Task objective:
Copy out the data in full and exactly, passing over the pictures.

Dataset extract:
╔══

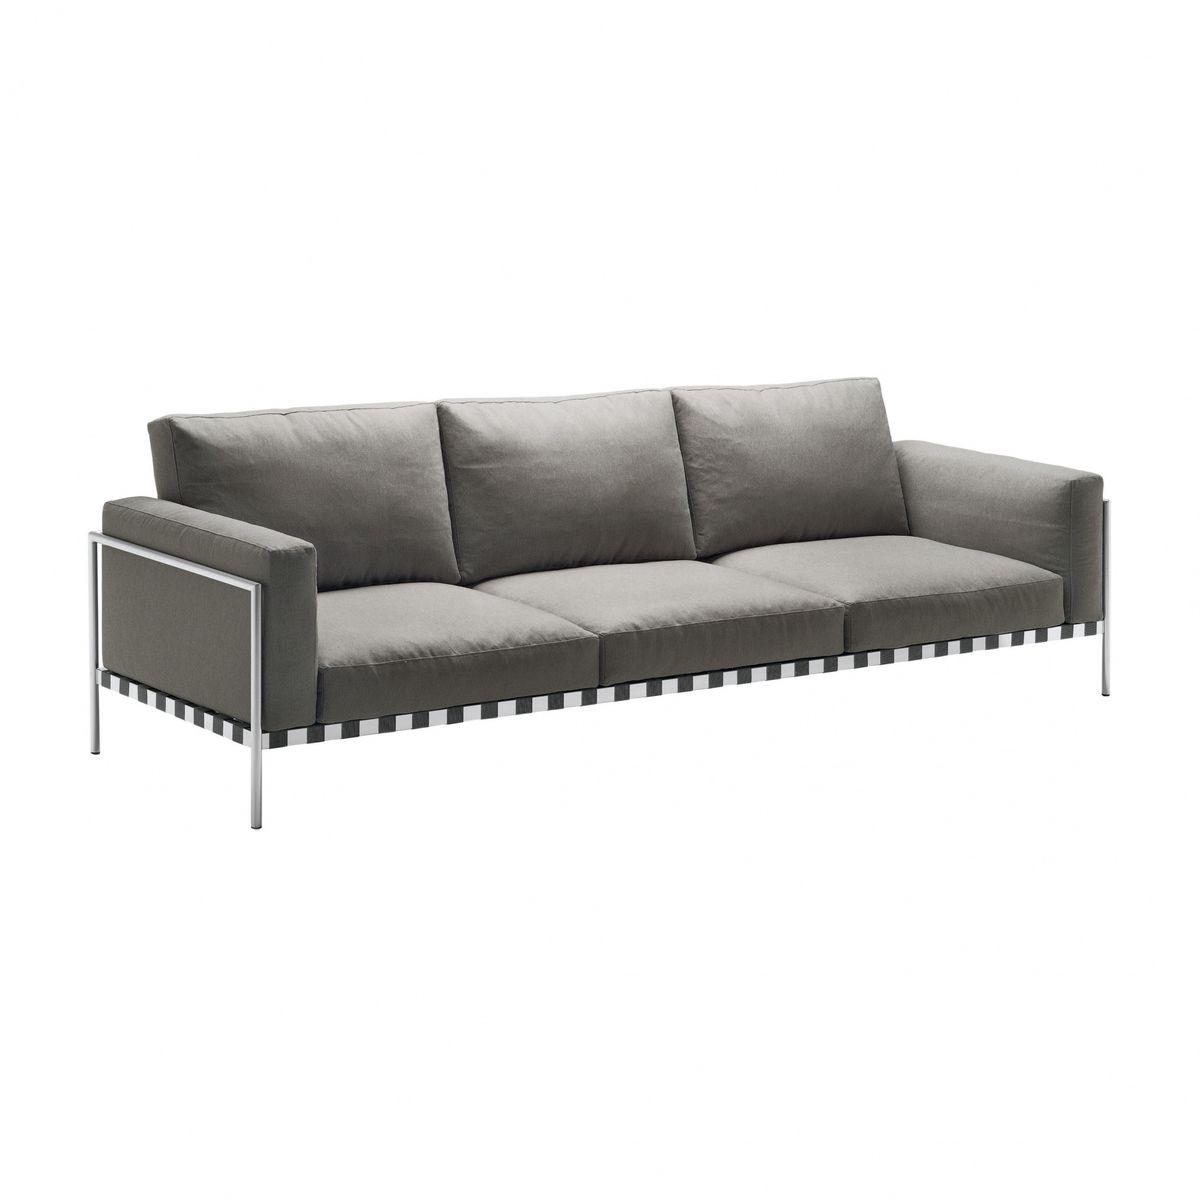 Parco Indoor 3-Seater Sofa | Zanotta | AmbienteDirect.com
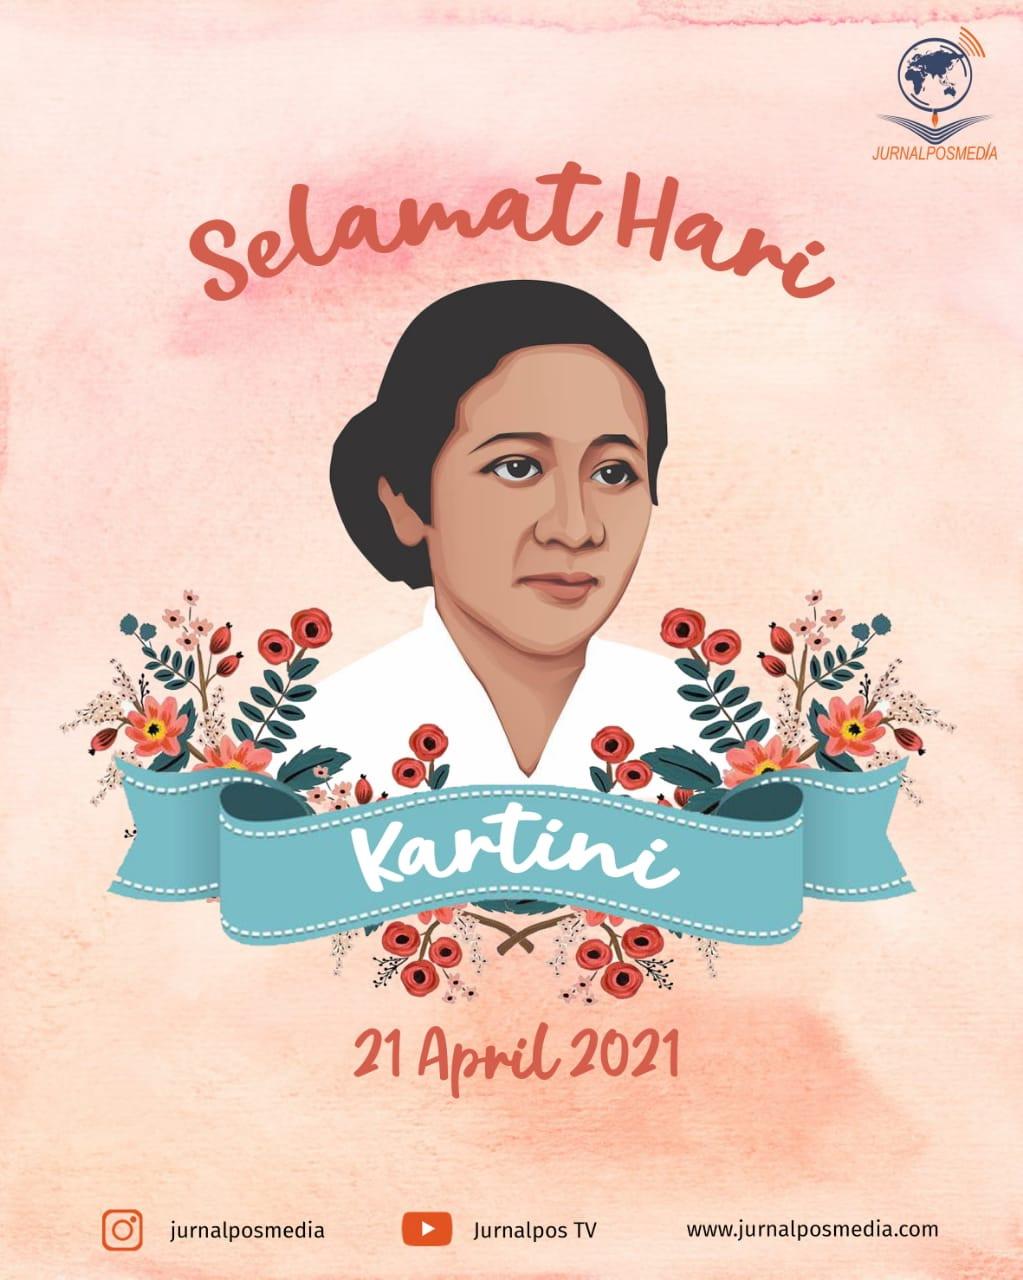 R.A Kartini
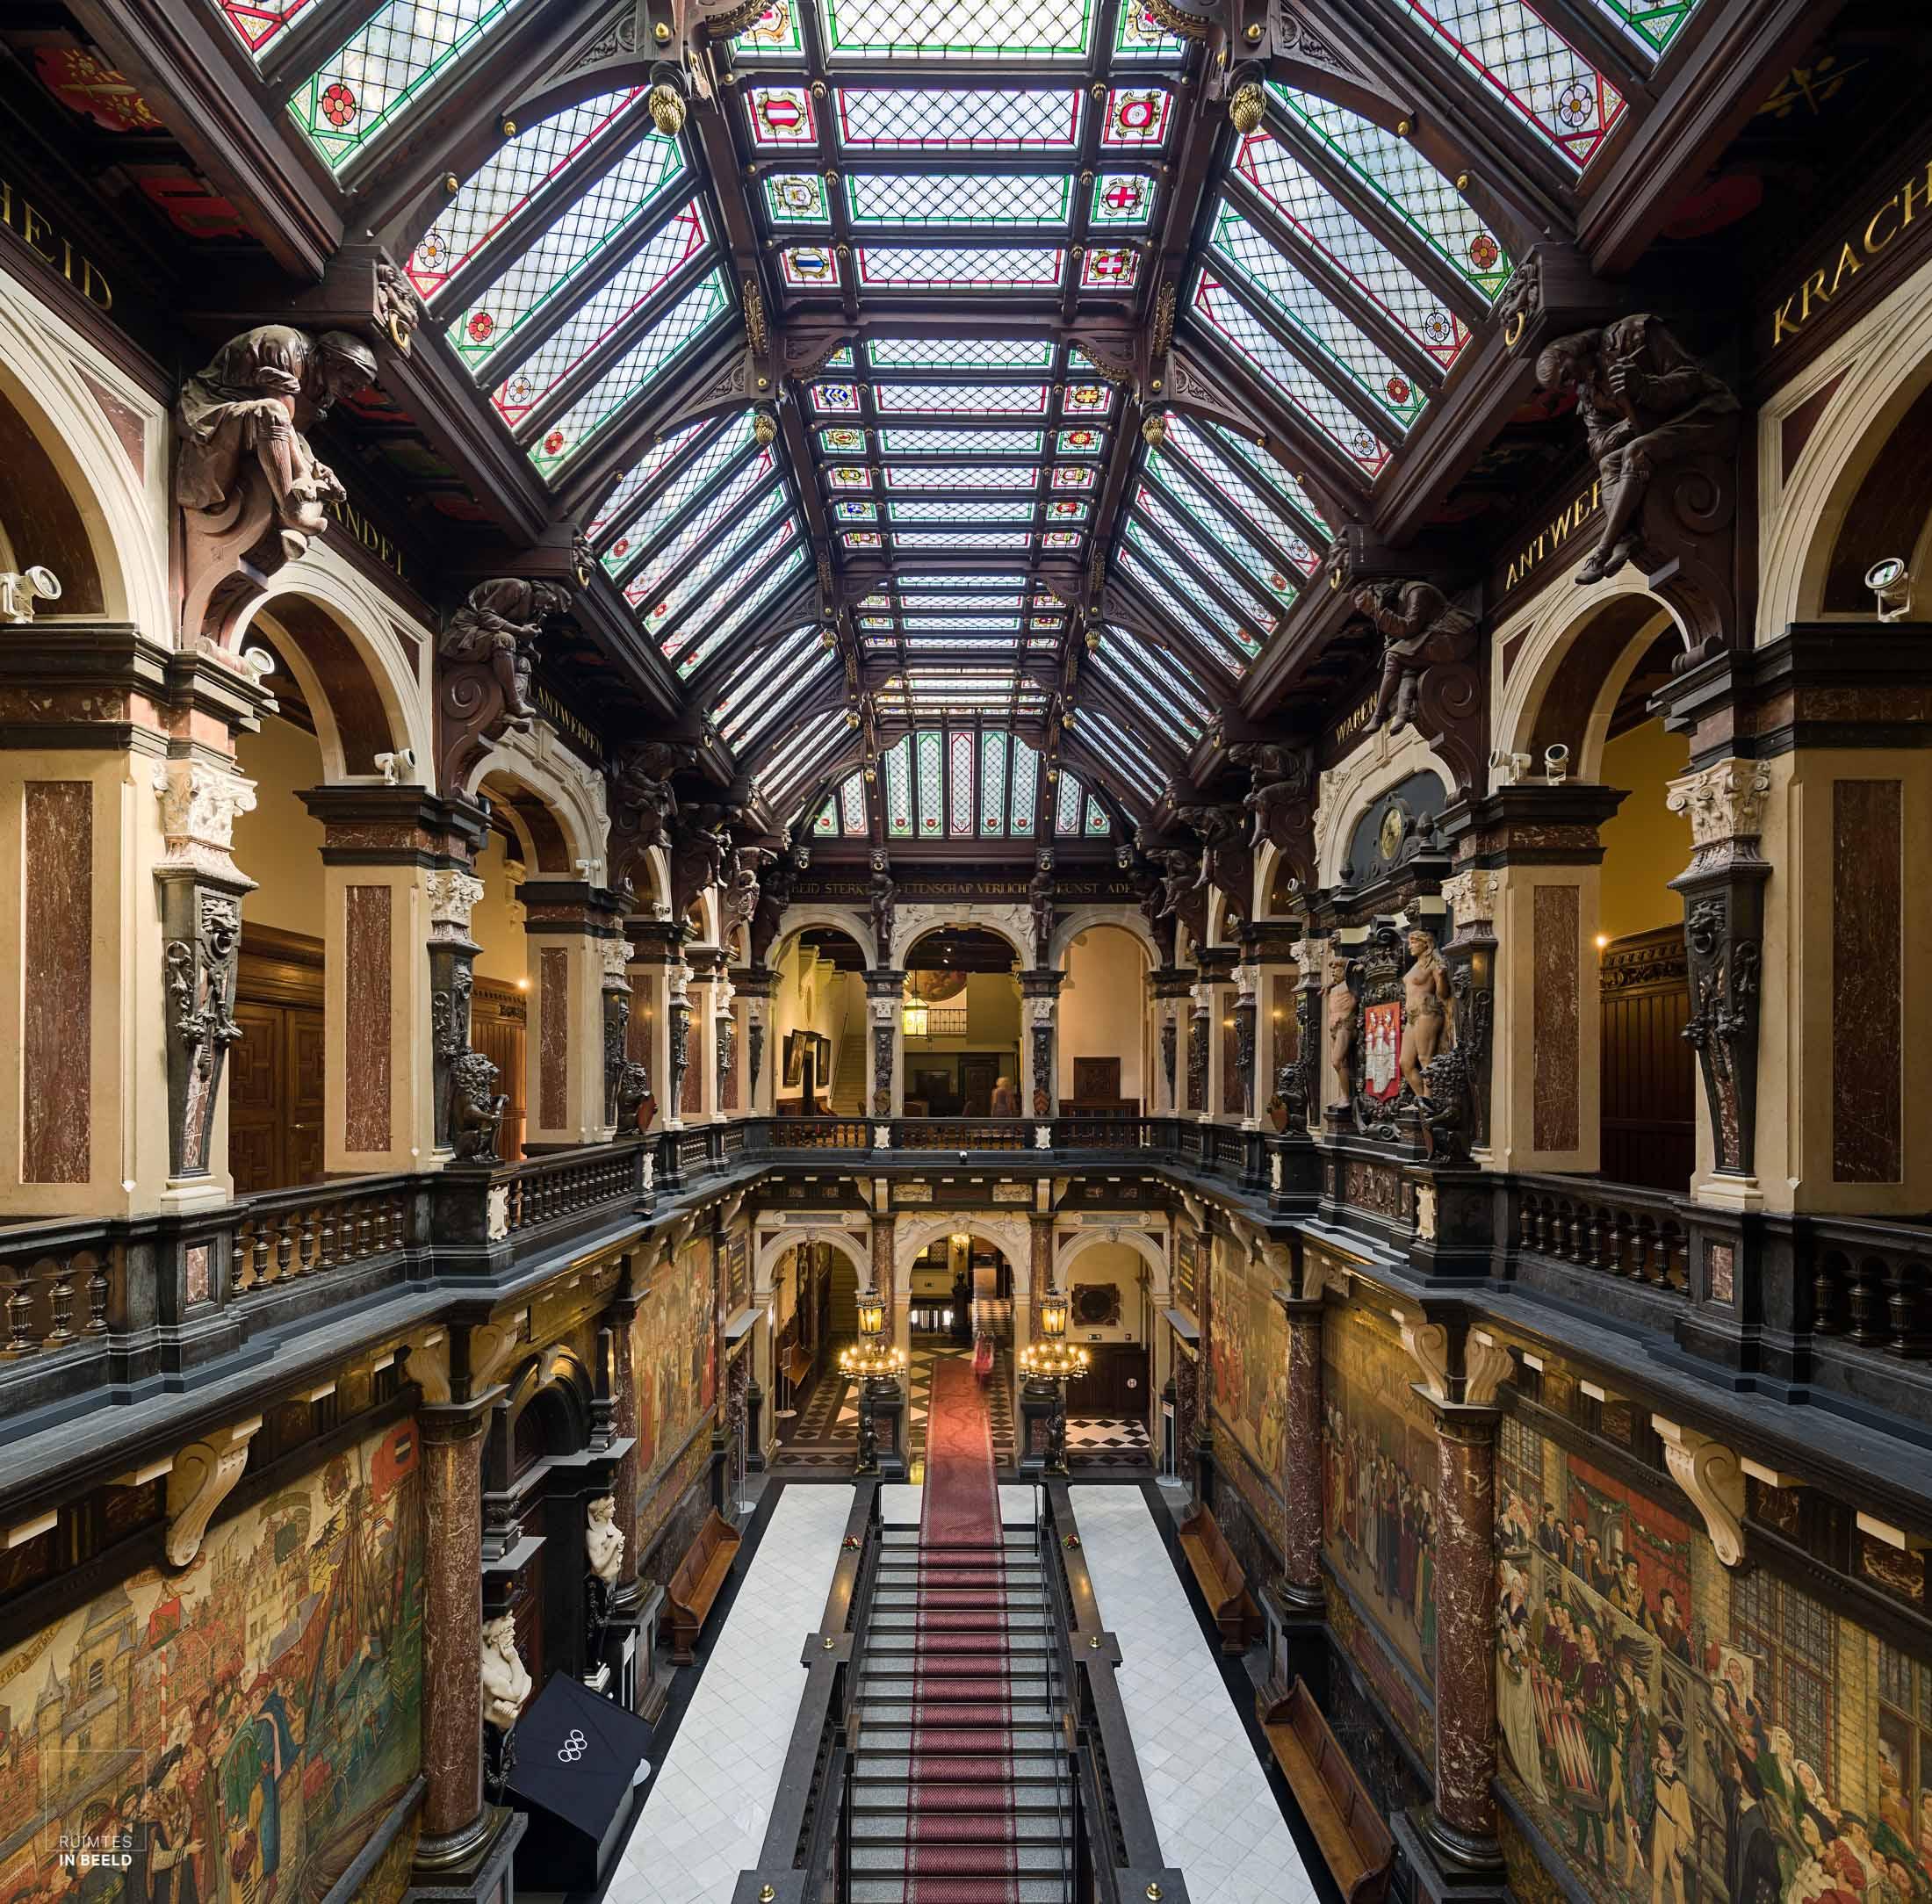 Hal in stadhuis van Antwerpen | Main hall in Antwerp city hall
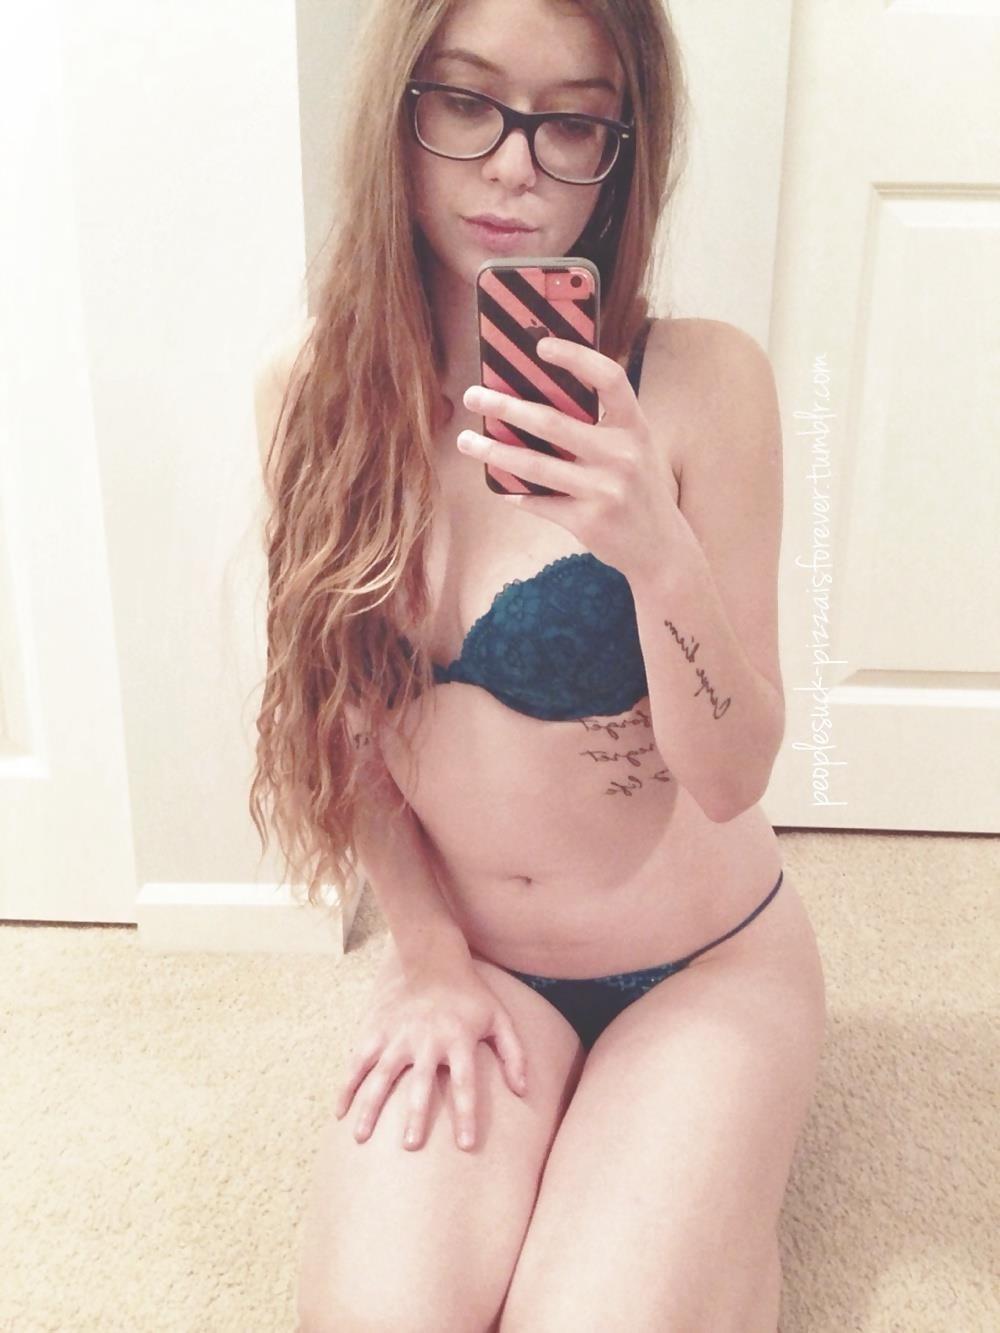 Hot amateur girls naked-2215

╚══

Answer to the problem:
 Parco Indoor 3-Seater Sofa | Zanotta | AmbienteDirect.com
 R.A Kartini
 Hal in stadhuis van Antwerpen | Main hall in Antwerp city hall
 Hot amateur girls naked-2215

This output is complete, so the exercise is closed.